The state had ramped up subsidies for Russian films in recent years, with priority given to patriotic and feel-good movies that offer a positive spin on Russia. Movies that do not fit this mould, such as "Leviathan," a grim film about Russian small-town corruption that was nominated for an Oscar this year, have been subject to official criticism. The taxpayer should not fund films like "Leviathan" that are set against the current authorities and "filled with a spirit of despair and the pointlessness of our existence," Medinsky told Russian newspaper Izvestia in an interview in January.

The Culture Ministry website lists nine priority themes for films that should receive state subsidies in 2015. The first three are: inspirational success stories; Crimea, Ukraine and the 1,000-year history of Russian statehood; and the military glory of Russia, which is being trumpeted this year on the 70th anniversary of the Soviet victory over Nazi Germany.

U.S. blockbusters still blow local competitors out of the water in Russia, earning 80 percent of total box office revenue in the country, according to Alexander Luzhin, head of market analysis firm Movie Research. Russian films earn 18 percent of revenues, and other foreign films 2 percent, he said.

But analysts doubted that a sales tax on foreign film tickets would reverse the situation.

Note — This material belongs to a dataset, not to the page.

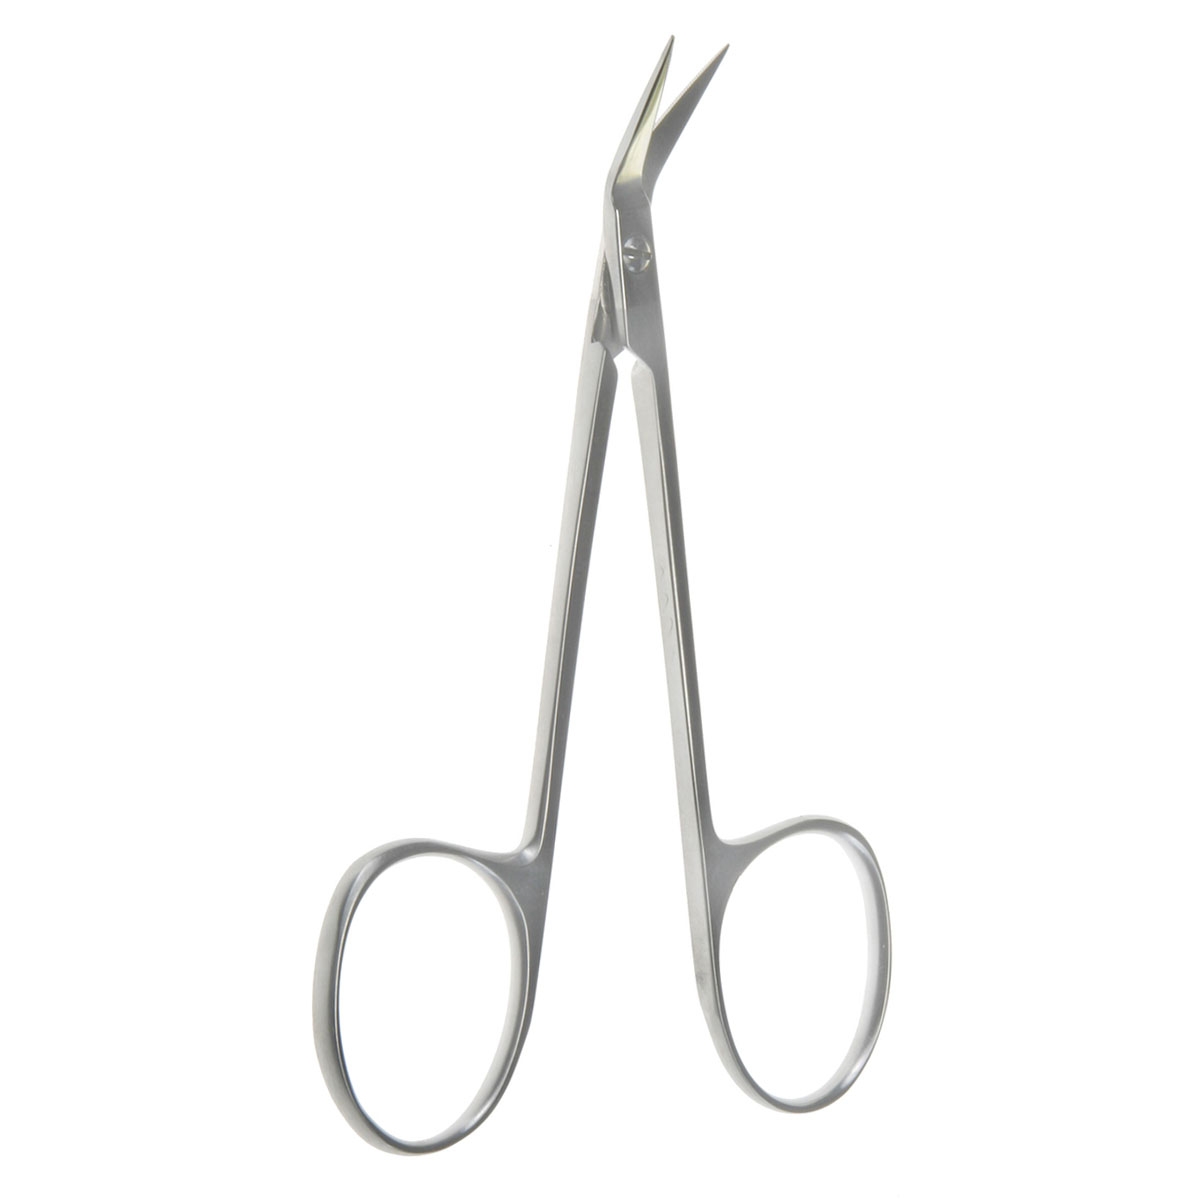 3 3/4 Wilmer Conjunct Utility Scissors - ang - BOSS Surgical

The bigger a film's budget the more it tends to earn at the box office, said Luzhin. And Hollywood is simply richer. The total sum of state support for Russian films is around 7 billion rubles ($130 million) per year, according to Oleg Berezin, CEO of St. Petersburg film studio Nevafilm. "Stalingrad," a 2013 Russian blockbuster set in the famous World War II battleground and one of the most expensive Russian films in recent years, had a budget of around $30 million. Hollywood films routinely have budgets of more than $100 million.

The Cinema Fund, which allocates government subsidies, was not available for comment before publication of this article. According to the TASS news agency, around 6 billion rubles will be allocated to support film this year.

"Introducing a tax on foreign films released in the country is not just harmful, it is illiterate," said Berezin. The audience will suffer from the resulting increase in ticket prices and cinema chains will then suffer due to falling demand, he said.

Russians would be more likely to save money on Russian movies than stop watching foreign films if prices rose, said Luzhin.

Berezin also pointed out that sales tax revenue will go to the federal budget, and with Russia's current economic slump forcing the government to make painful spending cuts, there is no guarantee that the money earned would find its way to the film industry.

"The idea that it helps bring additional funds to support national cinema is nonsense," he said.

Protectionist measures for Russians films are not a new idea. In 2011 President Vladimir Putin, who was then prime minister, floated a tax on foreign films to help local productions. A year later a State Duma deputy from the ruling United Russia party, Sergei Zheleznyak, introduced a bill to parliament to levy a sales tax on tickets to see foreign movies, but the legislation was shelved.

Last fall, as violence in eastern Ukraine led to tit-for-tat sanctions between Russia and the West, a prominent Russian movie director and senior member of the ruling United Russia party, Stanislav Govorukhin, proposed restrictions on the number of American movies on Russian screens. Another well-known movie director and a vocal supporter of Putin, Yury Kara, called for an outright ban on U.S. films.

Officials had until early 2015 been mulling a quota for foreign films, following the examples of China, which allows only 34 foreign films onto its market each year, and the Soviet Union, which had a quota of only six foreign films a year, according to the Culture Ministry.

The Culture Ministry rejected the idea in February, saying it would damage movie theaters.? 

The Moscow Times' Anna Dolgov contributed to this report.